Александр Гречишный (original) (raw)
Александр Гречишный
Треугольник – фигура жесткая
Каких только историй не услышишь в железнодорожных вагонах – этих добрых исповедальнях на колесах. И как часто, разобщенные стенами панельных домов, скованные условностями современного общения, мы все глубже и глубже прячем содеянные грехи в себя. Но иногда их скелеты требуют солнца, устав от мрака и сырости душевных склепов. Мы открываем их миру часто совершенно незнакомым людям, и они рассыпаются, теряя власть над нашими душами.
* * *
Вагон уснул, белея пятками безмятежно похрапывающих мужчин. И только в моем плацкартном пятачке еще слышны приглушенные голоса. Я лежу на верхней полке, забросив под подушку плеер с севшей батарейкой, и невольно слушаю беседу недавно появившихся попутчиц.
− В Киев еду. Ребеночка усыновлять, − негромко, видимо, чтобы не разбудить меня, доверительно сообщает обладательница молодого грудного голоса.
− Своих детишек нет? − старческим хрустящим голосом спрашивает женщина на полке подо мной.
– Нет, – обреченно признается грудной, – и уже не будет.
– Сама виновата или как? − сочувственно интересуется третий, и тоже немолодой, голос.
– Сама. Хотя и свекровь помогла.
– Свекровь? – слышен тихий вопрос пожилой соседки. – Чувствую, что тяжело тебе, деточка. Если хочешь, расскажи о своей печали. Может, легче станет, да и мы что-нибудь посоветуем. Жизнь как-никак прожили.
– Хорошо, – на вздохе отвечает молодой голос.
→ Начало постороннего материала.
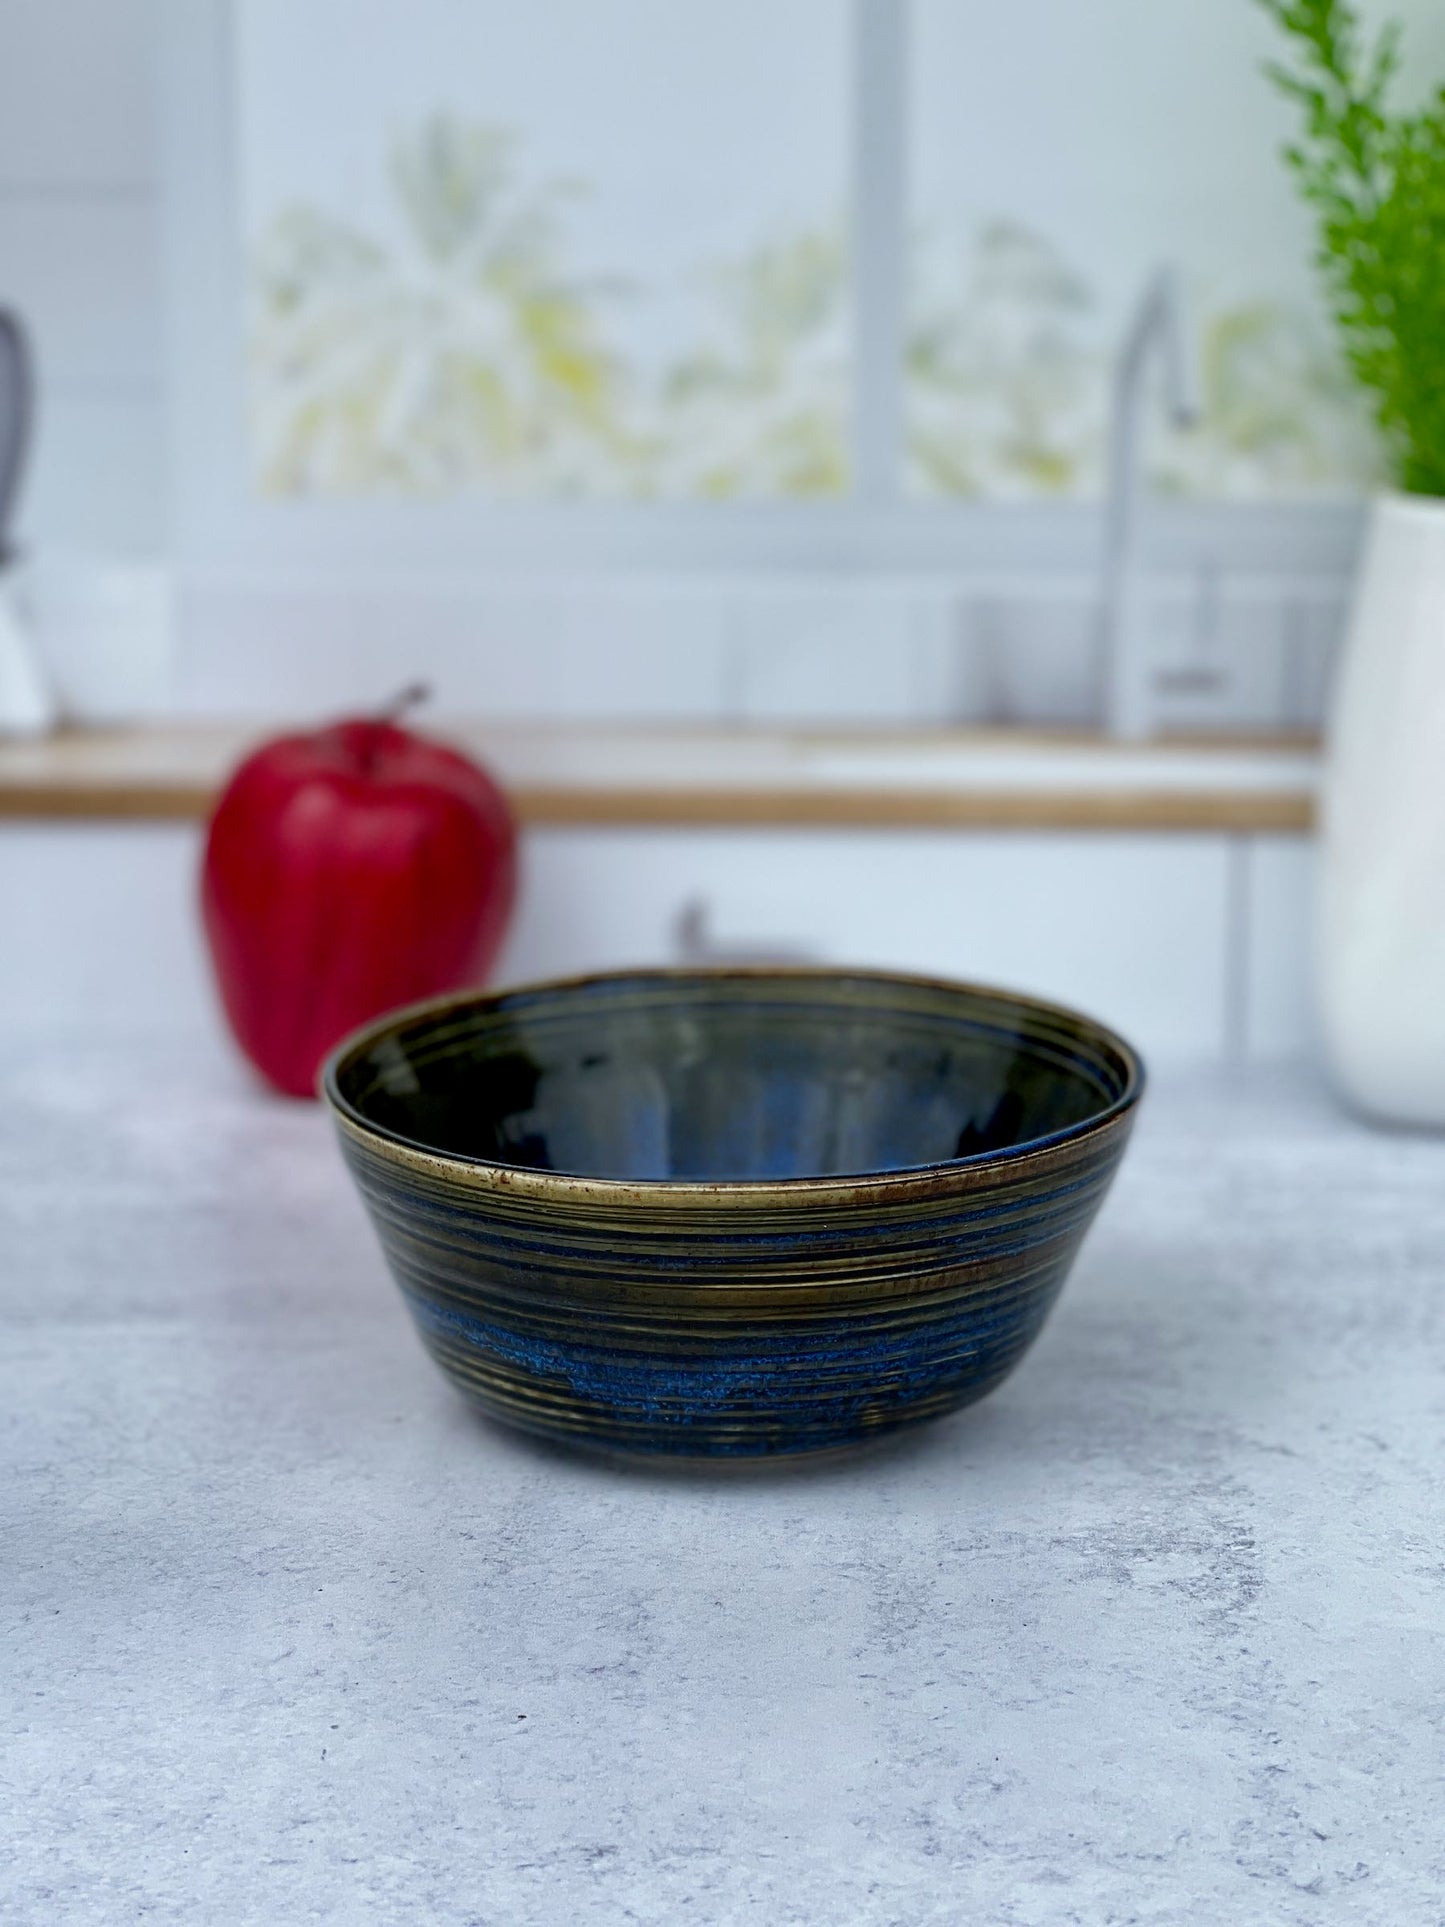 Small Blue Rutile Glazed Wheel Thrown Porcelain Bowl

Любила я мужа. А он любил наркотики. Меня познакомила и ним его мать, ничего не сказав о пристрастии сына. Она преподавала в моем институте. Думала, что я его спасу.
Заканчивался третий месяц беременности, когда я узнала страшную правду. Меня мучил страх родить уродца, да и свекровь подговаривала сделать аборт. Я сдалась. Надеялась, что супруга можно вылечить, а потом родить здорового ребенка. Операция прошла неудачно, врачи сказали, что рожать я больше не смогу.
Свекровь умерла через год. У нее обнаружили рак, причем в поздней стадии, и из больницы выписали умирать дома. За рецептом обезболивающих таблеток в поликлинику приходил муж. В то время участковые терапевты могли выписывать наркобольным болеутоляющие лекарства. Таблетки супруг пил сам. Свекровь корчилась от боли, но не сводила с сына влюбленных глаз. Когда она стала хрипеть от мук и терять сознание, я умолила терапевта назначить умирающей опиумсодержащие уколы. Доктор согласилась, но предупредила, что инъекции положено выполнять только участковой медсестре.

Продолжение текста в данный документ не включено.